* Source records:
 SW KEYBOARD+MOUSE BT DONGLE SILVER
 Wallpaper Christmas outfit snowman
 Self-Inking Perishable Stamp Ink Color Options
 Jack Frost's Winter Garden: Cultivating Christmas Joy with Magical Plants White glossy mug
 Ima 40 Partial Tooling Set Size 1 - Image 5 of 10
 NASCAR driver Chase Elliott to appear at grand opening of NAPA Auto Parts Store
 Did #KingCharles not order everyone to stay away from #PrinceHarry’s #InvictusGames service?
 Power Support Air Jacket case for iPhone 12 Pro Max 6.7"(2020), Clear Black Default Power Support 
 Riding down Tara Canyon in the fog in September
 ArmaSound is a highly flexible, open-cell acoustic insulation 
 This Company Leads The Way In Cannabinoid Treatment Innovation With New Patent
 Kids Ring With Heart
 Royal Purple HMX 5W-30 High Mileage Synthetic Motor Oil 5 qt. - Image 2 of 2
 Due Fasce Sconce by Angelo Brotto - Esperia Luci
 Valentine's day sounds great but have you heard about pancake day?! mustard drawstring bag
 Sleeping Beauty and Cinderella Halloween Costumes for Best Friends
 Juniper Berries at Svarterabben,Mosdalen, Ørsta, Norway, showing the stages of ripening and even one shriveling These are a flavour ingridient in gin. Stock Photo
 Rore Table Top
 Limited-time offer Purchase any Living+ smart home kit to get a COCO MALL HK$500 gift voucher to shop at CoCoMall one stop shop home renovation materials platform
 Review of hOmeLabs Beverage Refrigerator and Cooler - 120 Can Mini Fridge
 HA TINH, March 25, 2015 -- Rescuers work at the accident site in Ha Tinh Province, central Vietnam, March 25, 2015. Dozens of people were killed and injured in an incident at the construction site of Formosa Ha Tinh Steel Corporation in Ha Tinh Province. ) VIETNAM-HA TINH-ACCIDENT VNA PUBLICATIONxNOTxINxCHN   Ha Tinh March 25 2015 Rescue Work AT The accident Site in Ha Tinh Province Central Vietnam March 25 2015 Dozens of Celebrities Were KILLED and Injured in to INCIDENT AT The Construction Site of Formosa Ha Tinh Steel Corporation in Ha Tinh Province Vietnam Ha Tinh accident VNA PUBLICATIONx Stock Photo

* TASK REQUIREMENTS:
All lines in the data above from the one with "Jack Frost's Winter" through the one with "Review of hOmeLabs" must be repeated exactly, and no others.

* SOLUTION TO THE EXERCISE:
 Jack Frost's Winter Garden: Cultivating Christmas Joy with Magical Plants White glossy mug
 Ima 40 Partial Tooling Set Size 1 - Image 5 of 10
 NASCAR driver Chase Elliott to appear at grand opening of NAPA Auto Parts Store
 Did #KingCharles not order everyone to stay away from #PrinceHarry’s #InvictusGames service?
 Power Support Air Jacket case for iPhone 12 Pro Max 6.7"(2020), Clear Black Default Power Support 
 Riding down Tara Canyon in the fog in September
 ArmaSound is a highly flexible, open-cell acoustic insulation 
 This Company Leads The Way In Cannabinoid Treatment Innovation With New Patent
 Kids Ring With Heart
 Royal Purple HMX 5W-30 High Mileage Synthetic Motor Oil 5 qt. - Image 2 of 2
 Due Fasce Sconce by Angelo Brotto - Esperia Luci
 Valentine's day sounds great but have you heard about pancake day?! mustard drawstring bag
 Sleeping Beauty and Cinderella Halloween Costumes for Best Friends
 Juniper Berries at Svarterabben,Mosdalen, Ørsta, Norway, showing the stages of ripening and even one shriveling These are a flavour ingridient in gin. Stock Photo
 Rore Table Top
 Limited-time offer Purchase any Living+ smart home kit to get a COCO MALL HK$500 gift voucher to shop at CoCoMall one stop shop home renovation materials platform
 Review of hOmeLabs Beverage Refrigerator and Cooler - 120 Can Mini Fridge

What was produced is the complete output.